Размер шрифта:
Изображения:
Цветовая схема:

Тяни-толкай с лицами Константина Райкина и Романа Козака

Тяни-толкай с лицами Константина Райкина и Романа Козака - фотография

Совместная работа Театра имени Пушкина и театра "Сатирикон"

Дело было так: собираясь в отпуск, художественный руководитель Театра имени Пушкина Роман Козак обнаружил у себя в столе старую рукопись, бросил взгляд и, не отрываясь, прочитал от начала до конца. Тут же подумал об актере и художественном руководителе театра "Сатирикон" Константине Райкине, позвонил ему. В тот же день они встретились с Константином Аркадьевичем. И в части любопытства к переводному сочинению произошла та же самая история. Это случилось минувшим летом, а на прошлой неделе "Косметика врага", роман в диалогах бельгийской писательницы Амели Нотомб, сыграли на сцене Театра Пушкина. 2 и 3 марта премьера назначена на сцене "Сатирикона". Два худрука договорились "эксплуатировать" спектакль в очередь (постановщиком обоих версий стал Роман Козак, режиссером - Алла Покровская). "Сто страниц динамита", "литературная жемчужина", "блестящий ум, элегантность стиля, чудовищные страсти" -по нынешней моде программка цитирует захлебывающиеся от восторга эпитеты, которыми наградили Нотомб "их" рецензенты. Если бы не эти авансы, то, как говорится, длиннее был бы мой рассказ. Но в восторгах - явный перебор. Правда, как всегда, скромнее.
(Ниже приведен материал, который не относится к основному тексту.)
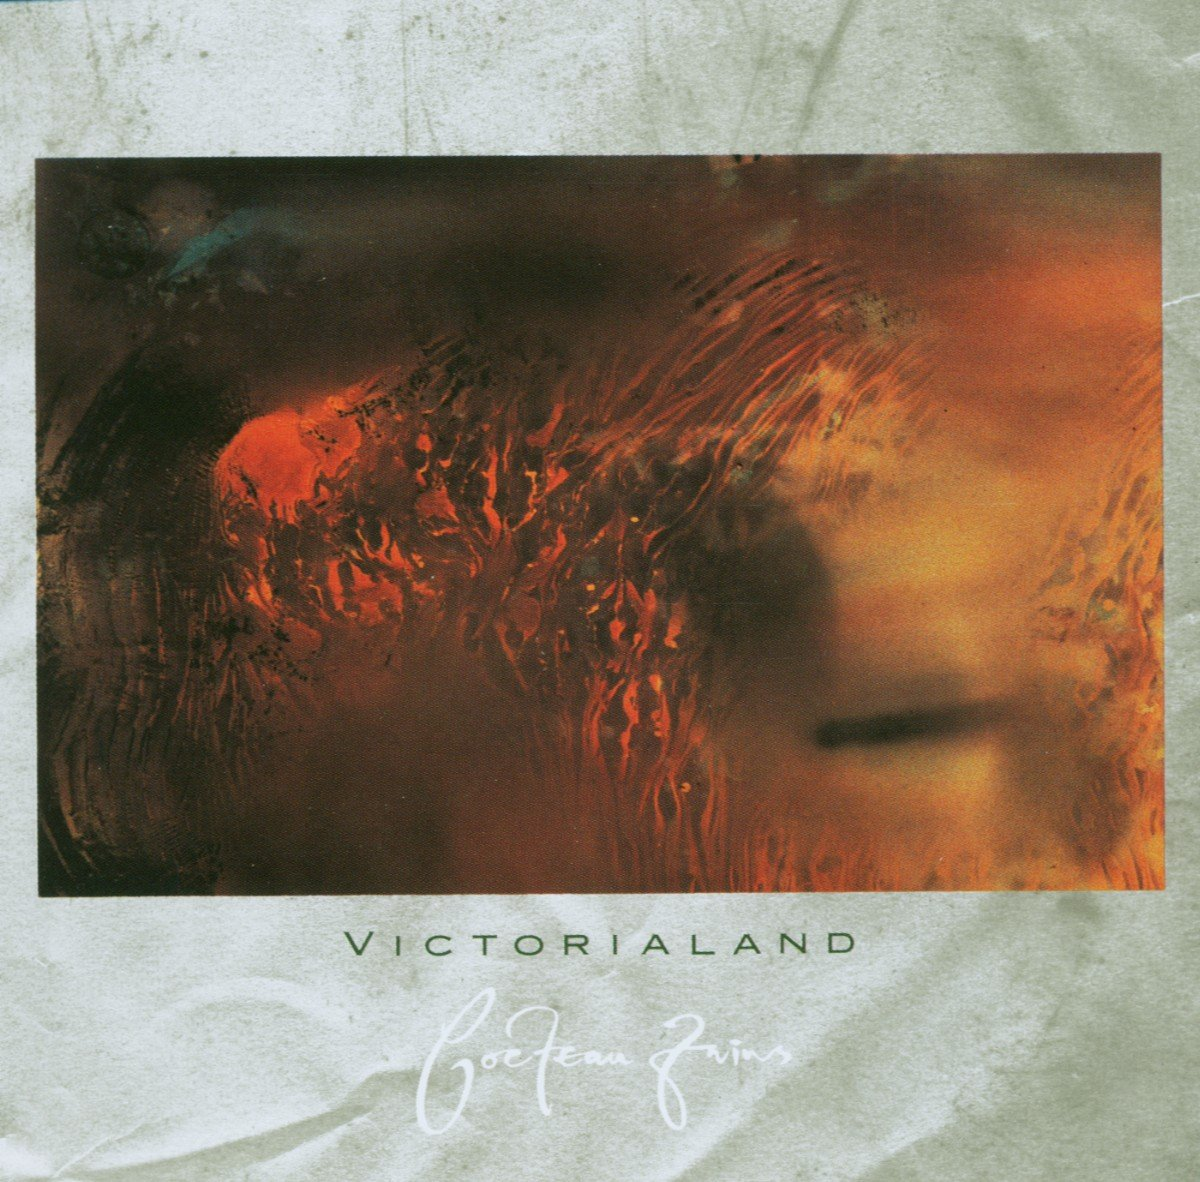 Cocteau Twins Prepare Vinyl Represses Of Garlands And Victorialand

Представительница дряхлой европейской цивилизации - Амели Нотомб то и дело ищет, на что и на кого ей опереться, и, петляя в узких улочках детективного сюжета, где, как говорится, двум машинам не разойтись, находит такие опоры. Чувствуешь себя туристом, приехавшим в город своей мечты: вот ратуша, вот капелла. Узнаешь знакомые литературные "остановки", от стивенсоновского "Доктора Джекила и мистера Хайда" до "Случая в зоопарке" Олби. Ничего предосудительного в этом нет, но и ничего хорошего в данном случае - тоже.
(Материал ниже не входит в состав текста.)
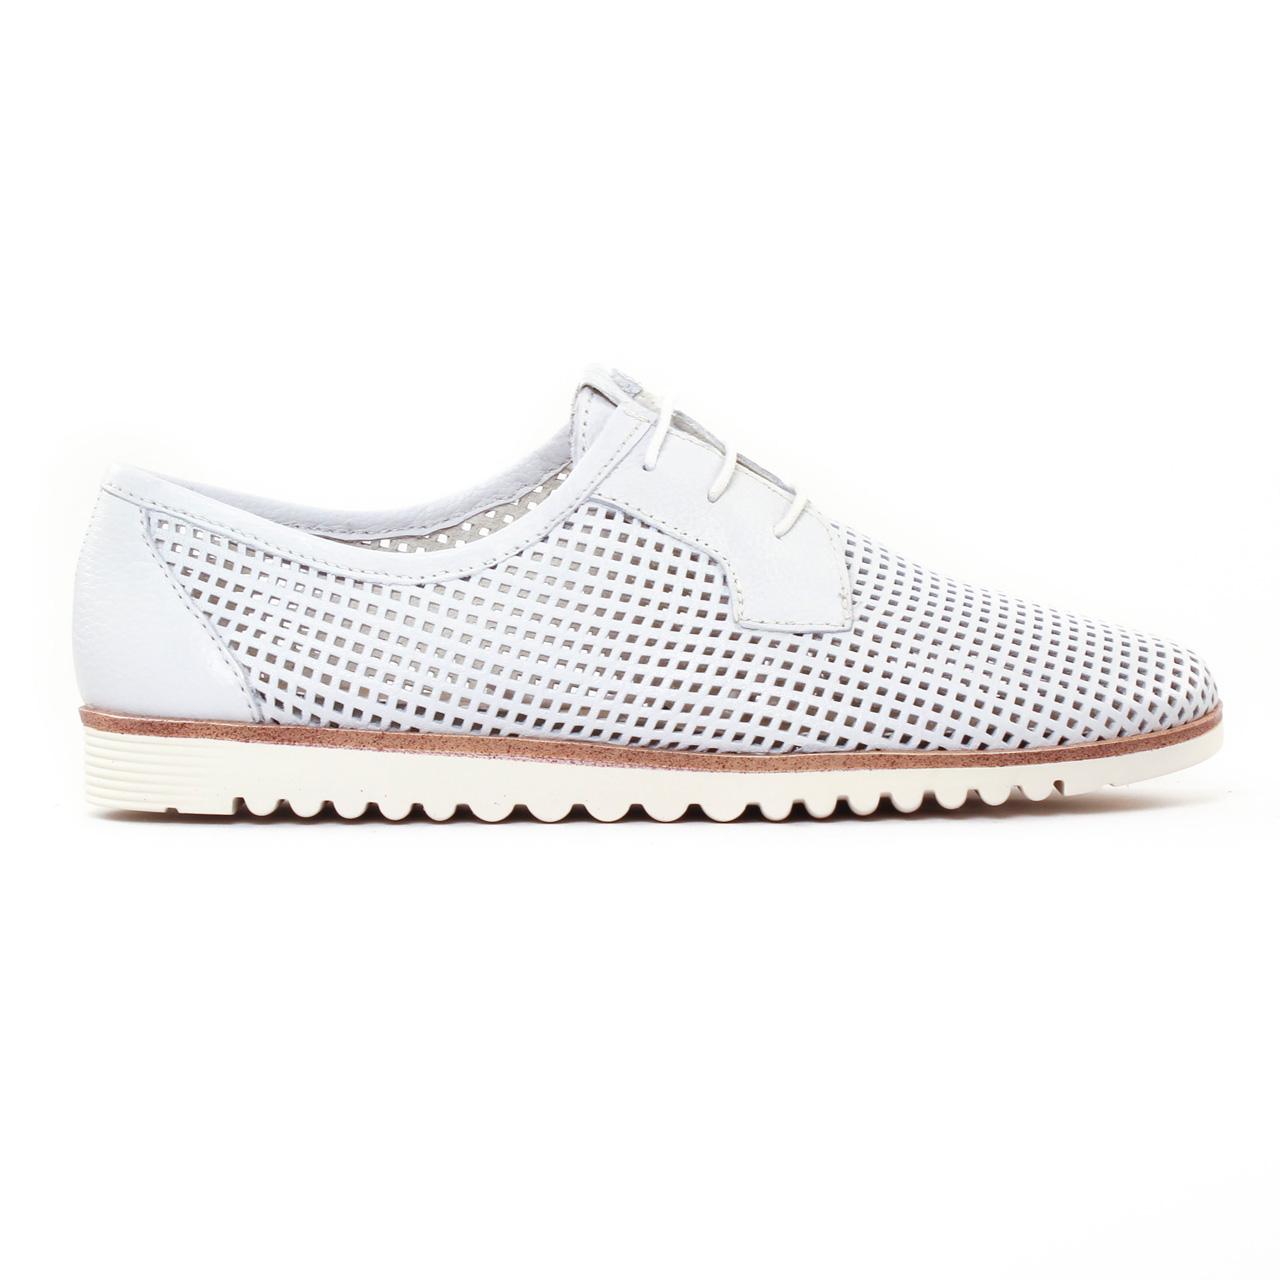 23603, Sneakers Basses Femme, Blanc (White), 40 EUTamaris

Одно дело, если бы Нотомб на этих узнаваниях построила какую-то особую литературную игру. Но она, если можно так сказать, не здороваясь, двигается дальше. Финал, к которому автор приводит в общем-то замысловато и эффектно - как и положено подлинно детективной истории, - построенному сюжету сильно разочаровывает: в своем романе Нотомб фактически материализует известную мечту написать детектив, в котором убийцей окажется читатель. Не совсем, конечно, читатель, но... Из уважения к жанру оставим развязку в секрете. Одно замечание: каждые десять минут Нотомб так умело и резко выворачивает сюжет, что финальный его поворот оказывается не столько неожиданным, сколько разочаровывающим. Не сразу веришь в то, что все предыдущие кренделя выделывались ради такого вот культурологического пшика.

Важное добавление: разочаровывает Нотомб, но не Райкин и Козак.
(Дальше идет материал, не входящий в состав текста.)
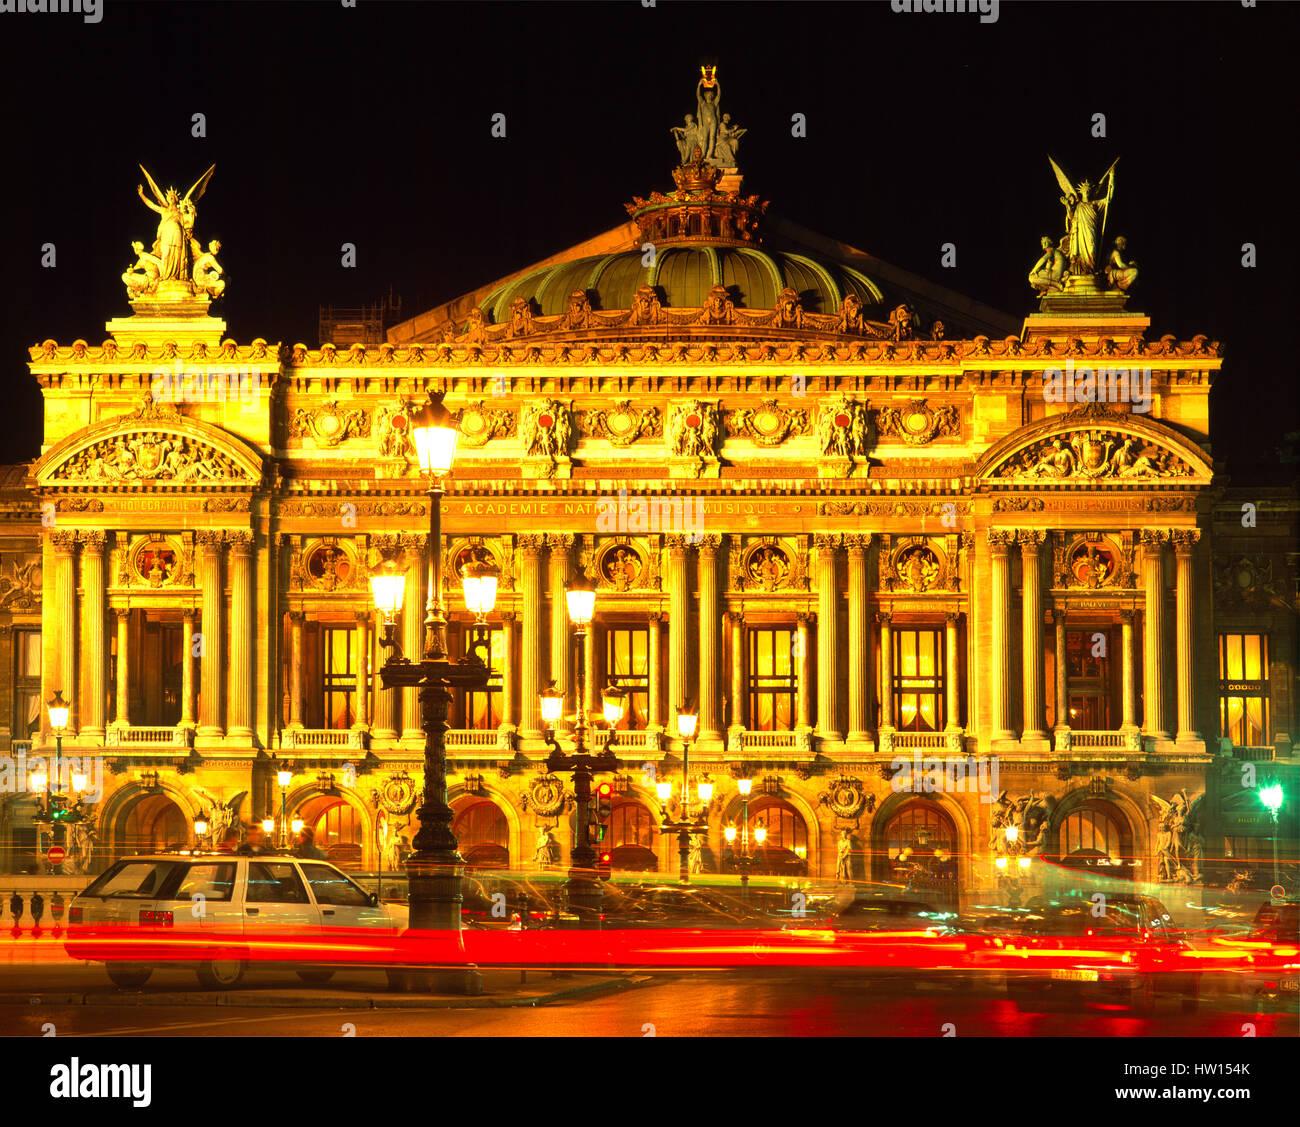 Opera Garnier at night, Paris, France - Stock Image

Для того и другого "Косметика врага" - своего рода движение роли. Той, которую с некоторой высокопарностью можно назвать ролью жизни.

Для Константина Райкина нынешний Текстор Тексель - очевидное продолжение, но (поклон в сторону обоих! ) не повторение всевозможных злодеев и жертв, от Ричарда III и Гамлета до Грегора Замзы, которого невольно вспоминаешь в тот момент, когда Тексель-Райкин забирается на конструкцию из аэропортовых кресел и сверху "парит" над своим присмиревшим "двойником".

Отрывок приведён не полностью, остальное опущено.